Nik Antropov has had moments in his NHL career where he's lived up to the promise of his huge body and soft hands. The Winnipeg Jets are hoping the 31-year-old has some magic left.
Antropov is expected to eat up minutes in the club's top six forwards and if he's healthy and working with the right people, there's potential for production.
A 20-goal scorer on three different occasions during his time in the NHL, Antropov has had consistency issues due to injury. But he's big, has elite ice vision and despite what some say, has a reputation for being engaged.
"The first time I was in Winnipeg was in 1999 in the world juniors and I remember it was minus-48. But this seems like a great community and it's good to be back in a market where people care about hockey," said Antropov, a 6-foot-6, 240-pound winger.
Antropov is busy getting used to the new surroundings and a fresh direction in his hockey career but for the most part is mind is elsewhere.
Antropov had nine friends die in Wednesday's horrific plane crash that wiped out the Lokomotiv team of the KHL and he considered former Winnipeg Jets forward Igor Korolev "like a brother."

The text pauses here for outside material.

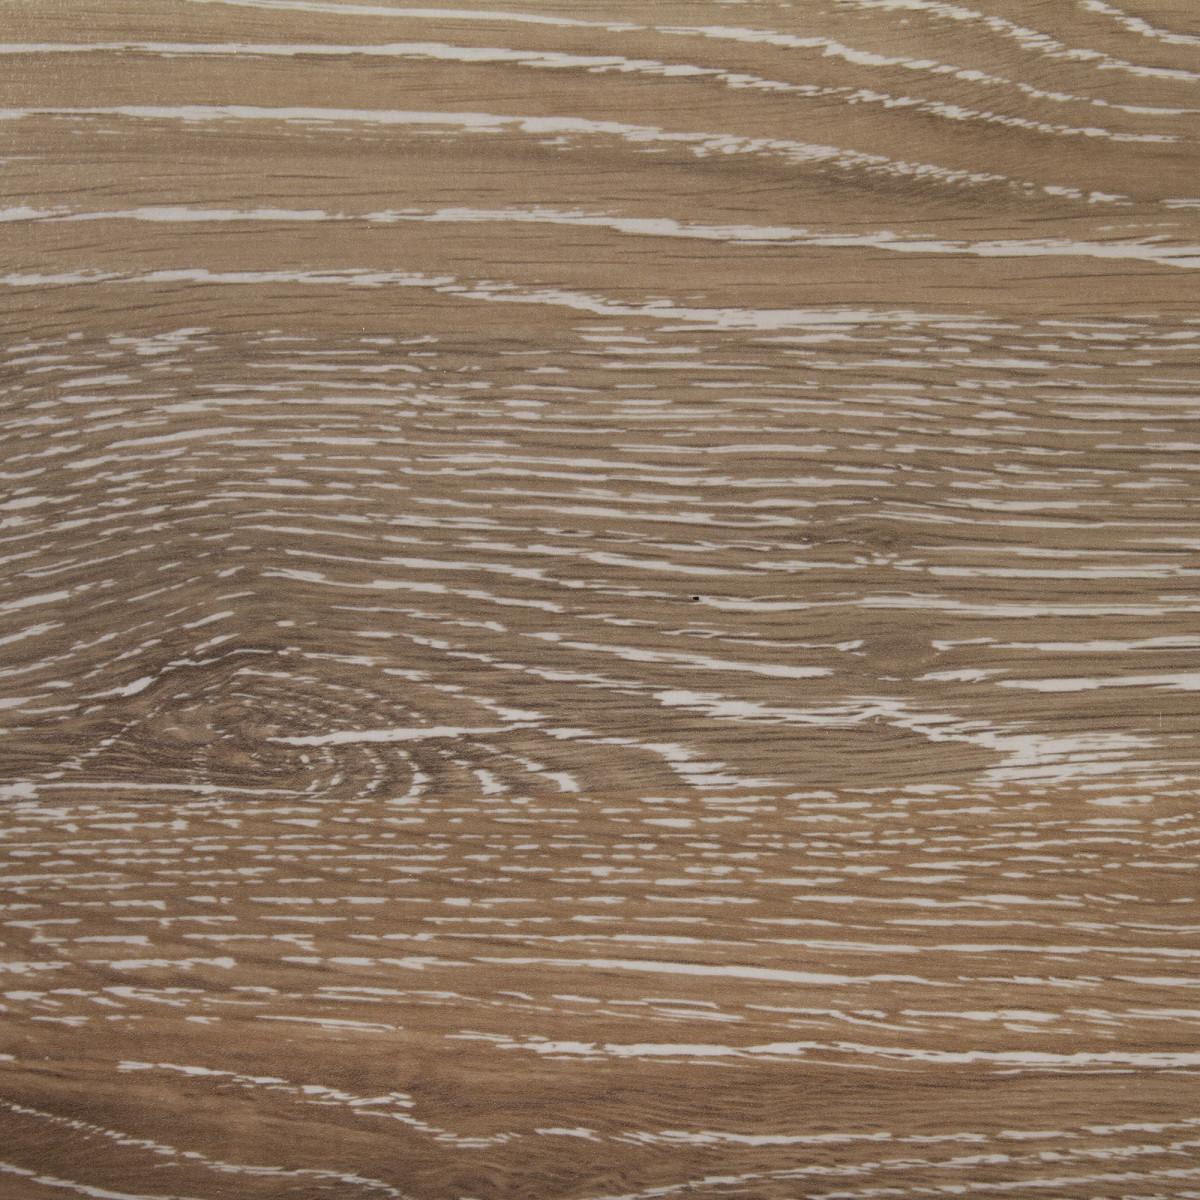 Ламинат Дуб серебристый 32 класс толщина 8 мм 2.131 м²

"Igor was my good friend and this is very sad for me. I knew Igor for 11 years since I first came to North America and he took me under his wing," said Antropov, who is entering his 12th NHL season. "He did a lot of good things for me."

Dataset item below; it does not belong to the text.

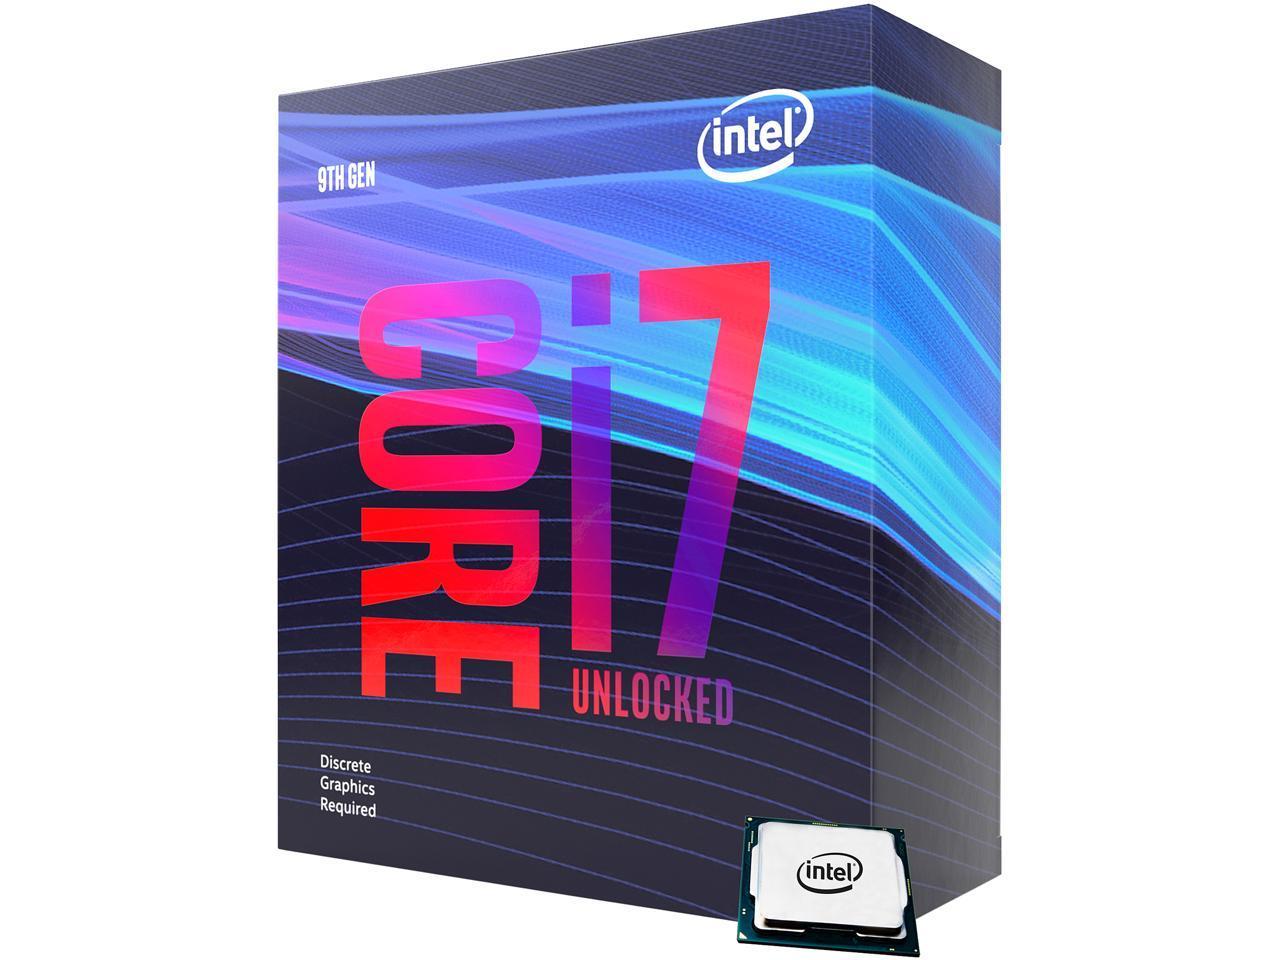 Intel Core I7 9700kf Coffee Lake 8 Core 3 6 Ghz 4 9 Ghz Turbo Lga 1151 300 Series 95w Bx80684i79700kf Desktop Processor Without Graphics Newegg Com

Antropov has scored 172 goals and 240 assists in 679 career NHL games. He arrived in North America as a lanky kid out of Kazakhstan with lots of hockey ability but limited life skills.
"It's a tough loss for us. He's the godfather of my son," said Antropov, selected 10th overall in the first round of the 1998 entry draft by the Toronto Maple Leafs.

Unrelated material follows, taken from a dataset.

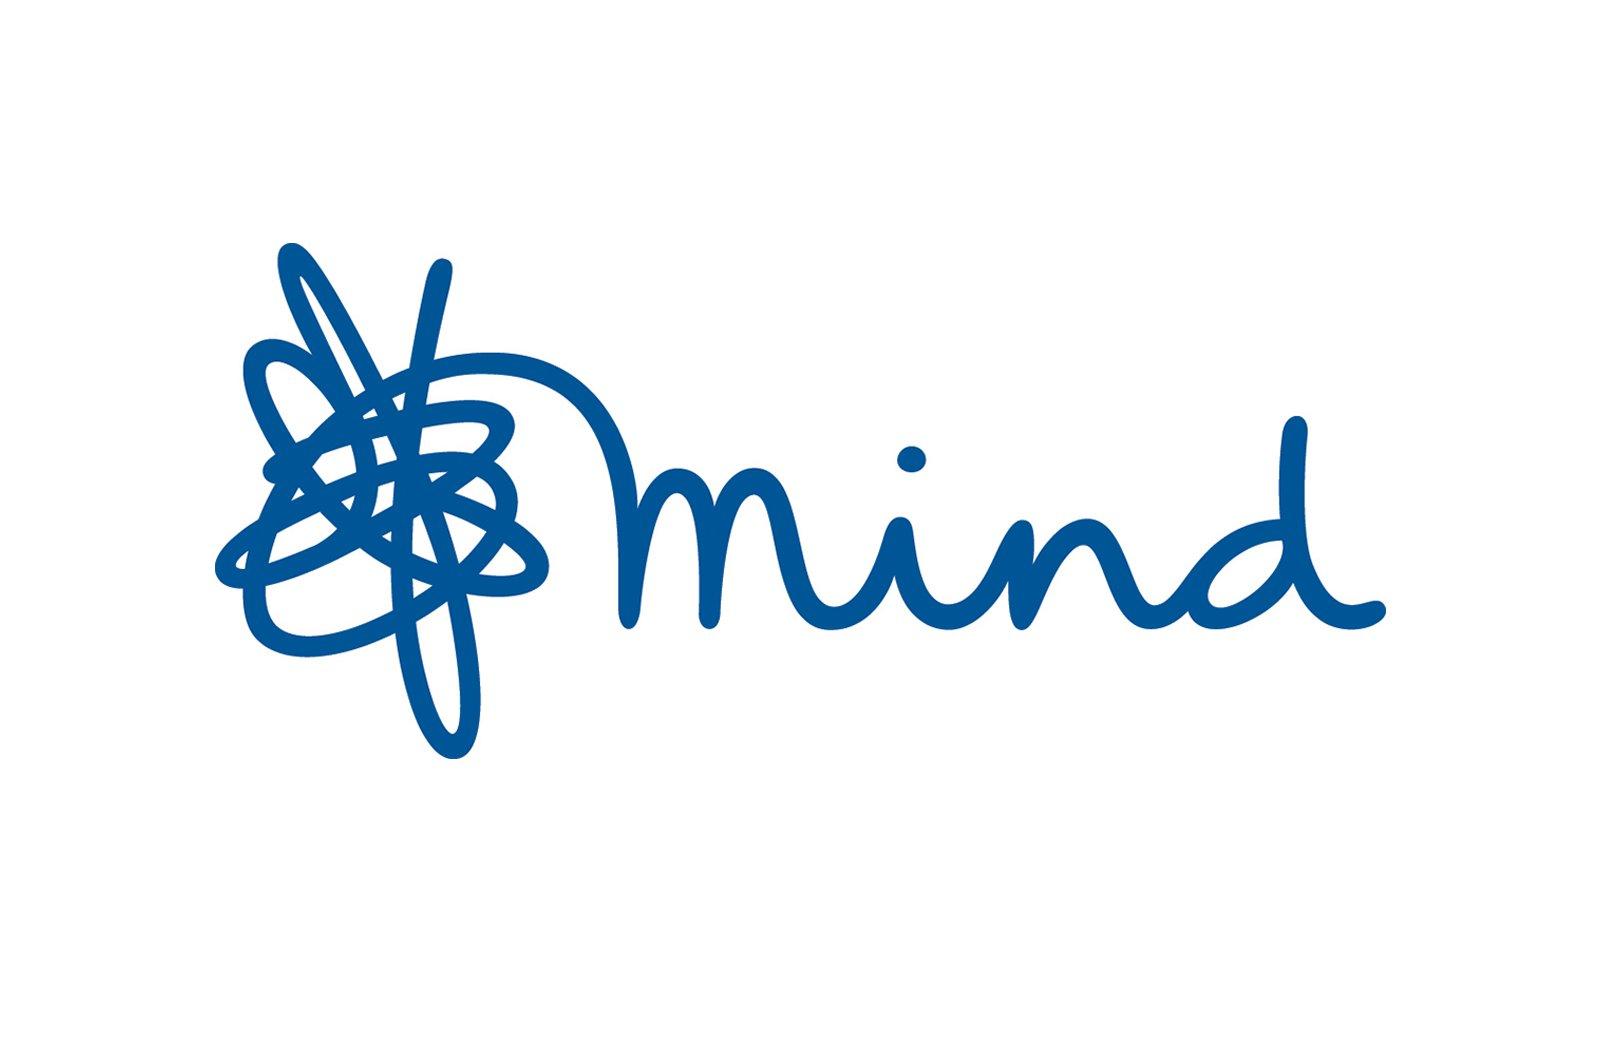 Mind-logo-1-designed-by-Glazer.jpg

"I couldn't speak English and didn't know where to go for something to eat. Igor showed me everything."
Antropov called Korolev's wife when he heard about the crash. "I didn't know what to say. I told her I hoped he wasn't one of them but then we found out it was."
Hockey is a refuge for Antropov right now. "Any time you lose one of your best friends or your family, it's hard to take, but you have to move forward from it. I will always remember what he did for me," he said.
"You could call him at any time and he was there for you. I think about this all the time. You come to the rink and hang out with the guys and no one talks about it, but then I get in the car to leave and it's there. It's hard right now."